§ TASK
Write out the data exactly, keeping every line.

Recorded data
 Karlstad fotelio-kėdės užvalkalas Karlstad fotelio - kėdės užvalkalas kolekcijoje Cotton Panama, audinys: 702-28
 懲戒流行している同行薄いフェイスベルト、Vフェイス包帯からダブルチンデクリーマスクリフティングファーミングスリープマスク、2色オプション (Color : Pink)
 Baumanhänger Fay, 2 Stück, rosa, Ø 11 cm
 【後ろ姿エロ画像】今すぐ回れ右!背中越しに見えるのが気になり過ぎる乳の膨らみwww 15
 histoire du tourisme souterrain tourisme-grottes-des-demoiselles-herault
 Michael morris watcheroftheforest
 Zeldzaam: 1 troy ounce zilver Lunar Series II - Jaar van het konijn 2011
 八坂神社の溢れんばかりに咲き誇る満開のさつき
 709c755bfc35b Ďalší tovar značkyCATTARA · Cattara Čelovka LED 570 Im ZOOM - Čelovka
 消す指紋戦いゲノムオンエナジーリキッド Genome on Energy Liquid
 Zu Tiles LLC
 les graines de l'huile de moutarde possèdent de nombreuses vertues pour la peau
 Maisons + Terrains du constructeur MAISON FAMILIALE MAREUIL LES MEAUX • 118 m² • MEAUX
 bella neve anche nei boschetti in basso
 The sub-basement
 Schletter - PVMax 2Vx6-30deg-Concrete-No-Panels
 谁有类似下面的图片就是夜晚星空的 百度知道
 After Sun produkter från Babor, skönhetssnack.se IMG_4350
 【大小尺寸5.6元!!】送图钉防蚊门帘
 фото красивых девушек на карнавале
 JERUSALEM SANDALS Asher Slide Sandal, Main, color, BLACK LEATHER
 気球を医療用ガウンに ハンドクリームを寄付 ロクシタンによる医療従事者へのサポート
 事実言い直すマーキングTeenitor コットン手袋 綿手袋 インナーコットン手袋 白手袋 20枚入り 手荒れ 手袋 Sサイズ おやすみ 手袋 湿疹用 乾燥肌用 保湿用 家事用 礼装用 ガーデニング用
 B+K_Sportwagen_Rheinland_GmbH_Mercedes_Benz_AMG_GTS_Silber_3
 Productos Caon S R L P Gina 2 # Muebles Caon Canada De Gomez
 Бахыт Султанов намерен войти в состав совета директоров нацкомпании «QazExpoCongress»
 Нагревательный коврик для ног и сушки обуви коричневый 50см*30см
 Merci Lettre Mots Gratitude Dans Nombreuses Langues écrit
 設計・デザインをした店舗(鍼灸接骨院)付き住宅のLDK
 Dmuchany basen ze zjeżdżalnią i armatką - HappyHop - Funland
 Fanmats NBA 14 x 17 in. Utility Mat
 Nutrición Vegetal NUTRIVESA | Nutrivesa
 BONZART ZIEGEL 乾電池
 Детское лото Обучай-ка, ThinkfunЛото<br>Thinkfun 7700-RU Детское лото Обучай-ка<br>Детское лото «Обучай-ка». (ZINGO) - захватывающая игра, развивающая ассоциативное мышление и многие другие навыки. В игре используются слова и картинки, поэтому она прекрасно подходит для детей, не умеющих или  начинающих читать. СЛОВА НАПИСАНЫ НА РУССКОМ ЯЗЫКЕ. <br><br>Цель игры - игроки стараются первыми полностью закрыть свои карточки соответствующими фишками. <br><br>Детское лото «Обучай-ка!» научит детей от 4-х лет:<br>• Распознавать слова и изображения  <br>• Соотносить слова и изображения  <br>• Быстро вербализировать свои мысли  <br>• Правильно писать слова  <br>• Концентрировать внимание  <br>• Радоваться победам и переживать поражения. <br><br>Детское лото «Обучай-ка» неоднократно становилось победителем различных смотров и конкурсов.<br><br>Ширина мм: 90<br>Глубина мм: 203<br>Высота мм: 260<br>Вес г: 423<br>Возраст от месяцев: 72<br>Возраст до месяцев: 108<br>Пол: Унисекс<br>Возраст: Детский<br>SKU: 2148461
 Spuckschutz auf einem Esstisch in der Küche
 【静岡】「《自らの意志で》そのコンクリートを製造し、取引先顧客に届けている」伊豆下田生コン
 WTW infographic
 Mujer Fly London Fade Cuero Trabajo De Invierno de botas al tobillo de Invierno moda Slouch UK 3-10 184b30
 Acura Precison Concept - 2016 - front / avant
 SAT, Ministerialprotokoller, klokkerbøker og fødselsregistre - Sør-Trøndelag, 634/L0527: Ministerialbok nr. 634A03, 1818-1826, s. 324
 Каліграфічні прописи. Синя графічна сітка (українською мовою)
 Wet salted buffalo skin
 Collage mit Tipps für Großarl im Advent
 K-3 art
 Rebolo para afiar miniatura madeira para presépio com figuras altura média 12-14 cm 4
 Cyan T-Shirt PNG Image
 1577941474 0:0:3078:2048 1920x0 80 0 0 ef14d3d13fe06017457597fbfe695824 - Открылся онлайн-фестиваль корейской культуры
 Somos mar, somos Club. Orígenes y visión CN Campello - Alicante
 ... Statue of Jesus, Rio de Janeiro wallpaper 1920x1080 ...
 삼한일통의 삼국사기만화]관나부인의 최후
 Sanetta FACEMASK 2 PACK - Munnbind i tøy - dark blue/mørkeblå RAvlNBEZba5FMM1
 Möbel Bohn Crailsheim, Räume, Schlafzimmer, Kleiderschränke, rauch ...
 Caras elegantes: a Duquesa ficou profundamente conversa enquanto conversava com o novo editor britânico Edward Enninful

§ ANSWER FOR THIS EXERCISE
 Karlstad fotelio-kėdės užvalkalas Karlstad fotelio - kėdės užvalkalas kolekcijoje Cotton Panama, audinys: 702-28
 懲戒流行している同行薄いフェイスベルト、Vフェイス包帯からダブルチンデクリーマスクリフティングファーミングスリープマスク、2色オプション (Color : Pink)
 Baumanhänger Fay, 2 Stück, rosa, Ø 11 cm
 【後ろ姿エロ画像】今すぐ回れ右!背中越しに見えるのが気になり過ぎる乳の膨らみwww 15
 histoire du tourisme souterrain tourisme-grottes-des-demoiselles-herault
 Michael morris watcheroftheforest
 Zeldzaam: 1 troy ounce zilver Lunar Series II - Jaar van het konijn 2011
 八坂神社の溢れんばかりに咲き誇る満開のさつき
 709c755bfc35b Ďalší tovar značkyCATTARA · Cattara Čelovka LED 570 Im ZOOM - Čelovka
 消す指紋戦いゲノムオンエナジーリキッド Genome on Energy Liquid
 Zu Tiles LLC
 les graines de l'huile de moutarde possèdent de nombreuses vertues pour la peau
 Maisons + Terrains du constructeur MAISON FAMILIALE MAREUIL LES MEAUX • 118 m² • MEAUX
 bella neve anche nei boschetti in basso
 The sub-basement
 Schletter - PVMax 2Vx6-30deg-Concrete-No-Panels
 谁有类似下面的图片就是夜晚星空的 百度知道
 After Sun produkter från Babor, skönhetssnack.se IMG_4350
 【大小尺寸5.6元!!】送图钉防蚊门帘
 фото красивых девушек на карнавале
 JERUSALEM SANDALS Asher Slide Sandal, Main, color, BLACK LEATHER
 気球を医療用ガウンに ハンドクリームを寄付 ロクシタンによる医療従事者へのサポート
 事実言い直すマーキングTeenitor コットン手袋 綿手袋 インナーコットン手袋 白手袋 20枚入り 手荒れ 手袋 Sサイズ おやすみ 手袋 湿疹用 乾燥肌用 保湿用 家事用 礼装用 ガーデニング用
 B+K_Sportwagen_Rheinland_GmbH_Mercedes_Benz_AMG_GTS_Silber_3
 Productos Caon S R L P Gina 2 # Muebles Caon Canada De Gomez
 Бахыт Султанов намерен войти в состав совета директоров нацкомпании «QazExpoCongress»
 Нагревательный коврик для ног и сушки обуви коричневый 50см*30см
 Merci Lettre Mots Gratitude Dans Nombreuses Langues écrit
 設計・デザインをした店舗(鍼灸接骨院)付き住宅のLDK
 Dmuchany basen ze zjeżdżalnią i armatką - HappyHop - Funland
 Fanmats NBA 14 x 17 in. Utility Mat
 Nutrición Vegetal NUTRIVESA | Nutrivesa
 BONZART ZIEGEL 乾電池
 Детское лото Обучай-ка, ThinkfunЛото<br>Thinkfun 7700-RU Детское лото Обучай-ка<br>Детское лото «Обучай-ка». (ZINGO) - захватывающая игра, развивающая ассоциативное мышление и многие другие навыки. В игре используются слова и картинки, поэтому она прекрасно подходит для детей, не умеющих или  начинающих читать. СЛОВА НАПИСАНЫ НА РУССКОМ ЯЗЫКЕ. <br><br>Цель игры - игроки стараются первыми полностью закрыть свои карточки соответствующими фишками. <br><br>Детское лото «Обучай-ка!» научит детей от 4-х лет:<br>• Распознавать слова и изображения  <br>• Соотносить слова и изображения  <br>• Быстро вербализировать свои мысли  <br>• Правильно писать слова  <br>• Концентрировать внимание  <br>• Радоваться победам и переживать поражения. <br><br>Детское лото «Обучай-ка» неоднократно становилось победителем различных смотров и конкурсов.<br><br>Ширина мм: 90<br>Глубина мм: 203<br>Высота мм: 260<br>Вес г: 423<br>Возраст от месяцев: 72<br>Возраст до месяцев: 108<br>Пол: Унисекс<br>Возраст: Детский<br>SKU: 2148461
 Spuckschutz auf einem Esstisch in der Küche
 【静岡】「《自らの意志で》そのコンクリートを製造し、取引先顧客に届けている」伊豆下田生コン
 WTW infographic
 Mujer Fly London Fade Cuero Trabajo De Invierno de botas al tobillo de Invierno moda Slouch UK 3-10 184b30
 Acura Precison Concept - 2016 - front / avant
 SAT, Ministerialprotokoller, klokkerbøker og fødselsregistre - Sør-Trøndelag, 634/L0527: Ministerialbok nr. 634A03, 1818-1826, s. 324
 Каліграфічні прописи. Синя графічна сітка (українською мовою)
 Wet salted buffalo skin
 Collage mit Tipps für Großarl im Advent
 K-3 art
 Rebolo para afiar miniatura madeira para presépio com figuras altura média 12-14 cm 4
 Cyan T-Shirt PNG Image
 1577941474 0:0:3078:2048 1920x0 80 0 0 ef14d3d13fe06017457597fbfe695824 - Открылся онлайн-фестиваль корейской культуры
 Somos mar, somos Club. Orígenes y visión CN Campello - Alicante
 ... Statue of Jesus, Rio de Janeiro wallpaper 1920x1080 ...
 삼한일통의 삼국사기만화]관나부인의 최후
 Sanetta FACEMASK 2 PACK - Munnbind i tøy - dark blue/mørkeblå RAvlNBEZba5FMM1
 Möbel Bohn Crailsheim, Räume, Schlafzimmer, Kleiderschränke, rauch ...
 Caras elegantes: a Duquesa ficou profundamente conversa enquanto conversava com o novo editor britânico Edward Enninful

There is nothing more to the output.